Eu não queria falar das eleições. Apesar de premente, acho um papo chato. E há gente muito mais bem preparada para falar do assunto. Mas não tem jeito. Essa questão do aborto, que tomou importância na reta final da campanha, me leva a entrar na briga. Em primeiro lugar, quero deixar claro que sou a favor da legalização do aborto, pois a considero sim uma questão de saúde pública. O fato de o aborto já ser legalizado em inúmeros países, inclusive países predominantemente católicos (Espanha e Portugal, por exemplo) me leva a ter certeza de que é possível conciliar a legalização do aborto com os direitos dos religiosos.
Afinal vivemos numa democracia, e o direito individual deve estar acima de crenças e descrenças. Bem, quem me acompanha aqui sabe que sou a favor da alternância no poder e torci muito por esse segundo turno. E o único ponto que me agradava no discurso de Dilma Rousseff era justamente a posição dela em relação à legalização do aborto. Ela sempre foi a favor da legalização, e deixou isso bem claro em entrevistas inclusive durante a campanha. Minto ao dizer que o apoio à legalização do aborto era o único ponto que me agradava na campanha de Dilma. Me agradava também sua posição favorável à união civil entre pessoas do mesmo sexo. Ora, essa sempre foi uma bandeira do PT, e um dos pontos fortes da luta política da Marta Suplicy, por exemplo, a quem sempre admirei por isso.

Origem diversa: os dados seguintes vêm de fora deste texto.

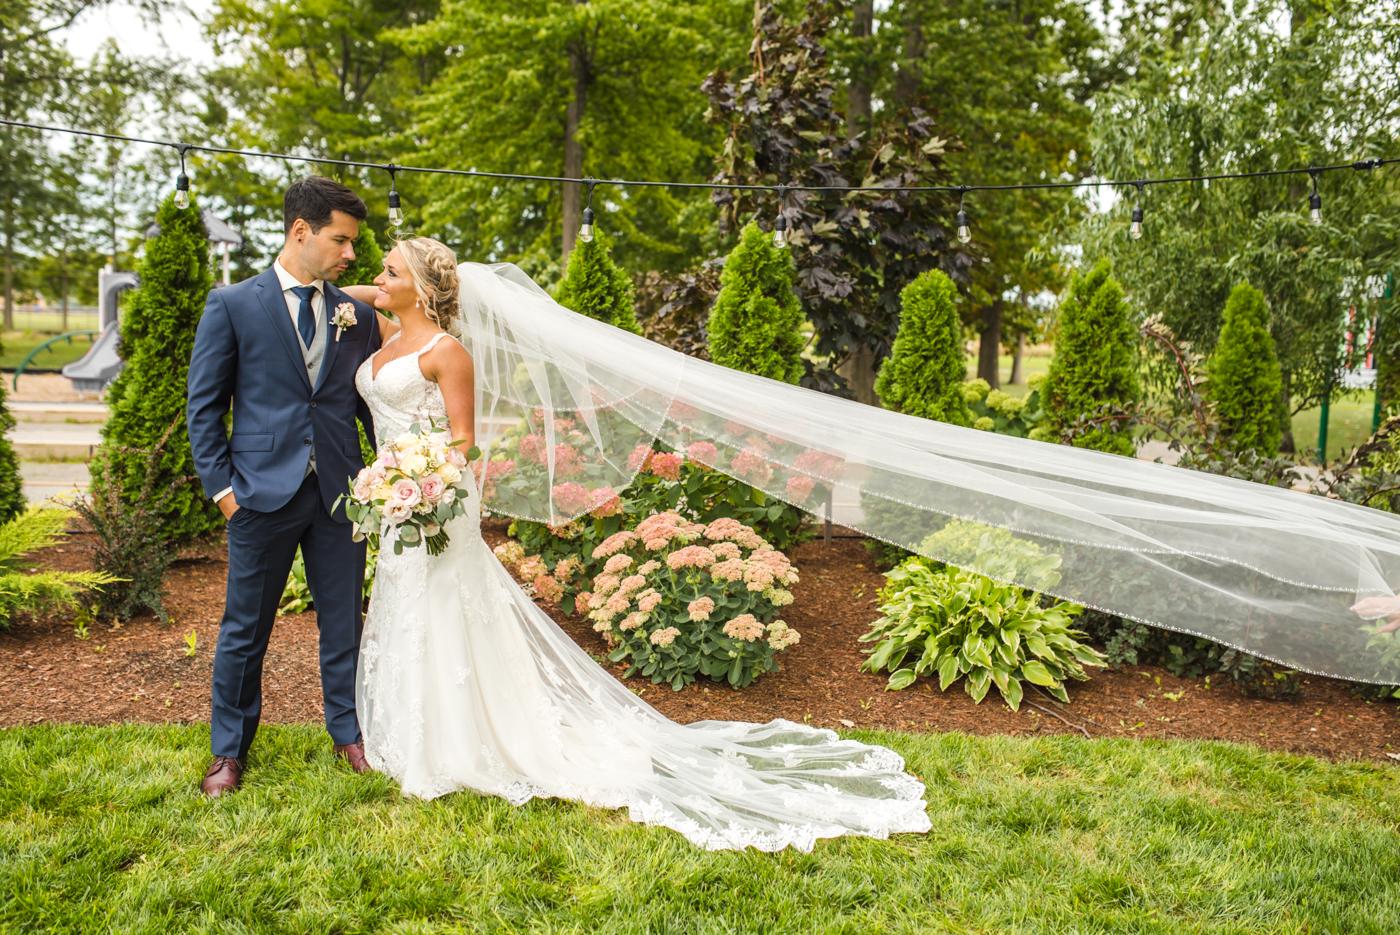 Eli & Michelle Wedding Hamilton St Catharines Niagara Ontario Club Roma Outdoor September Summer Aidan Hennebry of Hush Hush Photography & Film-23.jpg

A postura do Serra – macaco velho – em relação à legalização do aborto sempre foi categórica: é contra. Serra sabe o preço político de uma afirmação que não essa. Marina, por suas conhecidas crenças religiosas, é contra também, e chegou a dizer que proporia um plebiscito para saber se o povo se posicionava a favor ou contra a legalização do aborto. Pois foi aí exatamente que Marina perdeu toda e qualquer chance de receber o meu voto. Questões como a legalização do aborto, assim como a união civil entre homossexuais, não devem ser colocadas em plebiscito, já que o direito individual tem de prevalecer sobre a opinião da maioria, que pode ser – e com certeza é, no Brasil – conservadora e orientada por conceitos (e preconceitos) religiosos e morais.
A mesma questão se apresenta, por outro lado, em relação à pena de morte: é muito provável que se fosse colocada em plebiscito a pena de morte seria aprovada pela maioria da população, o que parece terrível, concordam? Bem, conto tudo isso para justificar o título da crônica. A cozinheira aqui de casa é evangélica. A vida é cheia de contradições, e numa casa de ateus convictos convivemos muitíssimo bem com uma competente e simpaticíssima cozinheira evangélica. Isso inclui o rádio da cozinha ligado o dia inteiro numa rádio evangélica. Sim, o roqueiro toma seu café da manhã ao som da pregação de pastores e angelicais canções evangélicas. Sem problemas, vivemos numa democracia.
Numa tarde a poucos dias da votação do primeiro turno, flagrei minha cozinheira tentando convencer a irmã a NÃO votar em Dilma Roussef justamente por conta das supostas posições da candidata, favoráveis à legalização do aborto e à união civil de homossexuais. E o que fiz eu, ao escutar sorrateiramente a conversa, eu, um defensor da legalização do aborto e da união civil entre homossexuais? Calei-me, vibrando pela possibilidade de Dilma perder mais um voto e o segundo turno se concretizar. A vida é mesmo muito contraditória.